According to the peculiarities of the studied species, several methods are used to collect locations of individually recognisable free-ranging animals over time, including radio-tracking (White & Garrot 1990), trapping grids (MacKenzie et al. 2006) and harmonic radar (Mascanzoni & Wallin 1986). Repeated animal handling and occasionally surgical operations (e.g. Salsbury & Armitage 1994) are required in these methods, and this may potentially have a negative impact on the well-being of the studied subjects and ultimately also on the reliability of the results (Murray & Fuller 2000). Furthermore, radio-tracking methods often entail considerable measurement errors both when based on VHF radio-transmitters (Rouys et al. 2001) and more recently introduced GPS telemetry systems (Hurford 2009). For example, Rouys et al. (2001) show that radio-tracking seems to overestimate the distance walked by European bison Bison bonasus when the animal walked from 0 to 25 m while the true walking distance between two radio-locations was < 10 m.

A simple and non-invasive alternative is the direct visual observation of tagged individuals. This method, while it is unsuitable or of very limited use for many species with poor detectability or with very large ranges, has the advantage of permitting the collection of behavioural data along with the location of the observed animal. Furthermore, it appears to be the favoured method for visible species with limited home ranges, which can easily be monitored from one or few observation points (Martin & Bateson 1993). Species falling into this category potentially include most of the terrestrial squirrels (subfamily Xerinae), including 14 species of marmots Marmota spp., five species of prairie dogs Cynomys spp., 25 species of chipmunks Tamias spp. and 42 species of ground squirrels of the genus Spermophilus. Other species which have been or could be studied following this methodology include harbour seals Phoca vitulina during lactation (Thompson et al. 1994), lekking sage grouses Centrocercus urophasianus (Gibson & Bradbury 1985) and small lizards Lacerta spp. (Eason & Stamps 1992). An objective method to accurately estimate the location of an observed animal from a distance would be of great interest for behavioural ecologists and wildlife biologists interested in the space use of tagged or naturally recognisable animals. Obviously, the capture and marking of animals is invasive in itself, but the collection of repeatable and accurate measures from fixed observation points allows the animals to get used to the researchers, reducing the potential disturbance arising from their presence (Crofoot et al. 2010).

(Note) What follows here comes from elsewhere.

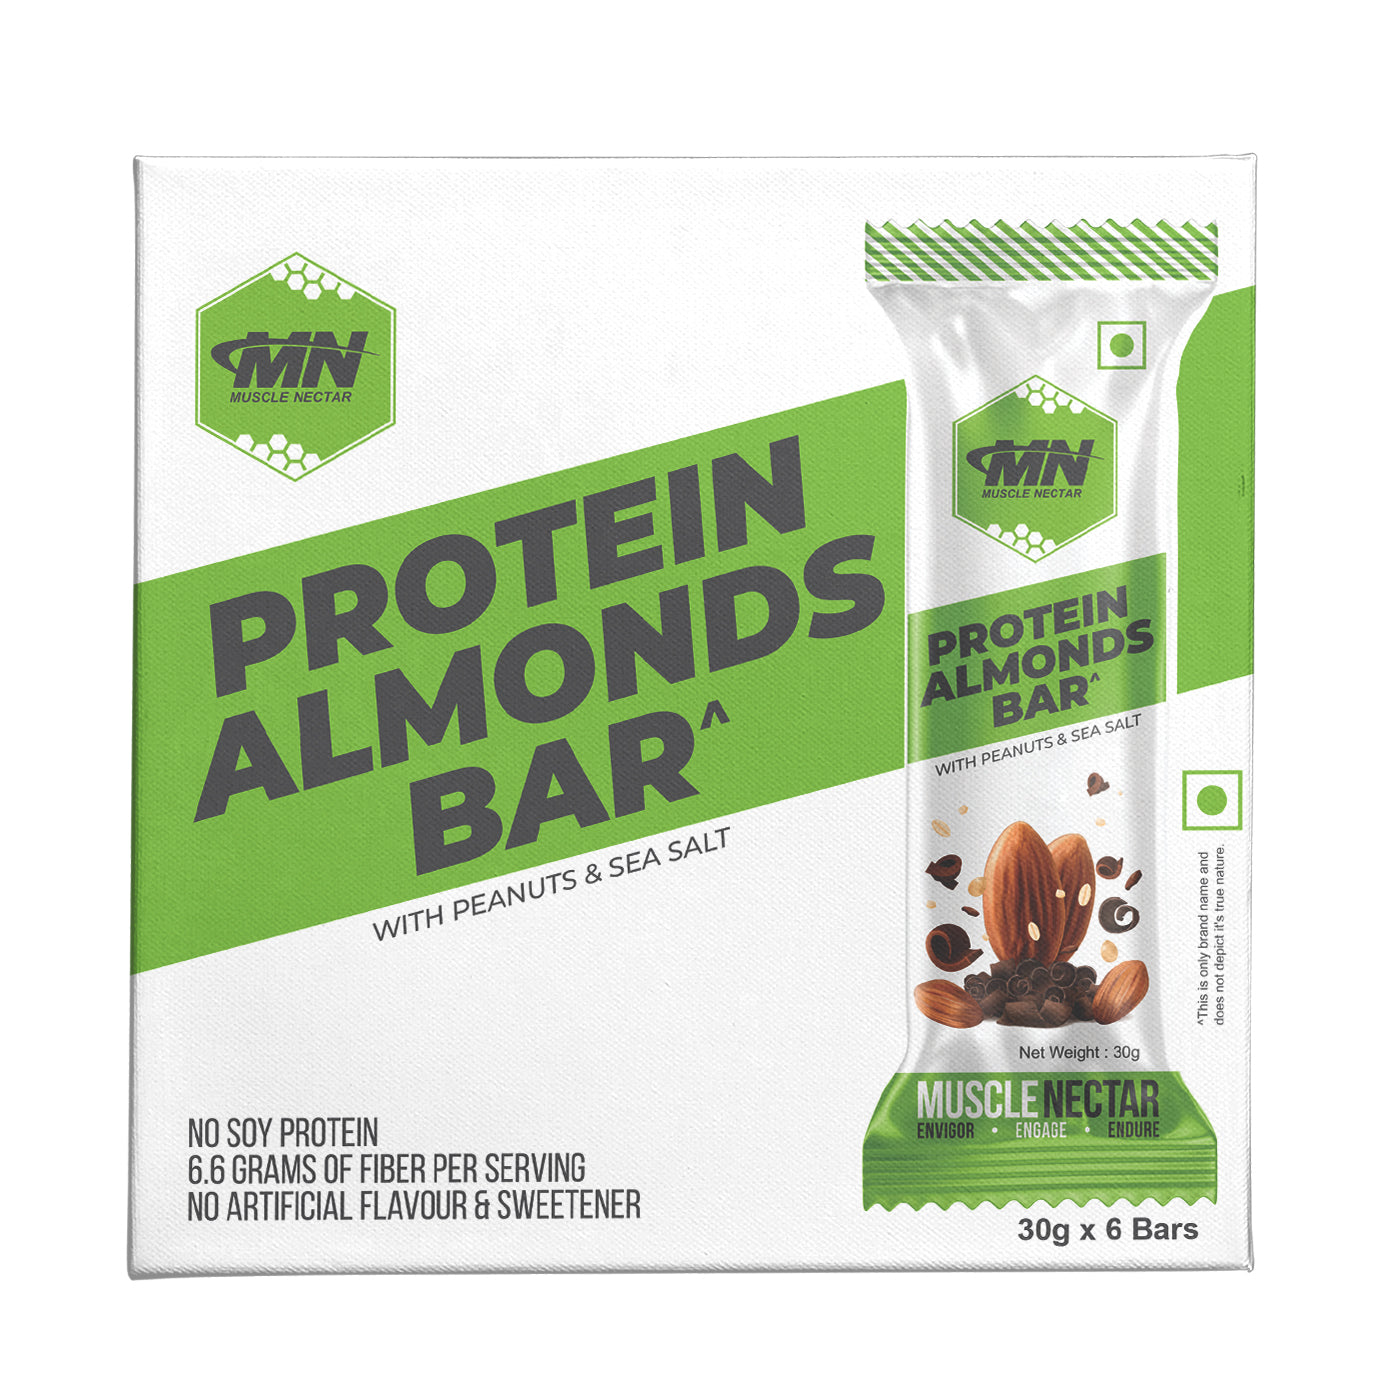 Protein Almonds Bar with Peanuts & Sea Salt

Different methods attempt to provide locations as accurate as possible from a distant observation point. For example, Lacey & Wieczorek (2001) and Manno & Dobson (2008) obtained the location of visually observed ground squirrels by dividing their study area in non-overlapping sections with boundaries determined by the shape of the meadow, and then record the locations of each visible animal to the nearest metre on a Cartesian grid. Maher (2009) noted woodchuck Marmota monax locations with respect to the nearest burrow for which he had previously obtained GPS measures. These methods all rely somehow on subjective estimations of distances or positions relative to landmarks, and therefore, they are potentially prone to error. Furthermore, the accuracy and reliability of these methods are often difficult to estimate. Fehmi & Laca (2001) introduced a computerised instrument to collect animal locations in the wild from an observation point. They proposed to use a survey theodolite mounted on a tripod and connected to a laptop computer. Their instrument appears to be accurate, but could potentially suffer from problems due to meteorological variability and energy requirements in particular because of the presence of a computer in the field area. Despite the optical characteristics of a survey theodolite which are subject to reflectance problems, the authors claim that it is useful up to a distance of 300 m. Moreover, the possibilities of recharging batteries may be very limited, and the distances a researcher has to walk to reach an observation site may be far from the base camp, especially in remote conditions.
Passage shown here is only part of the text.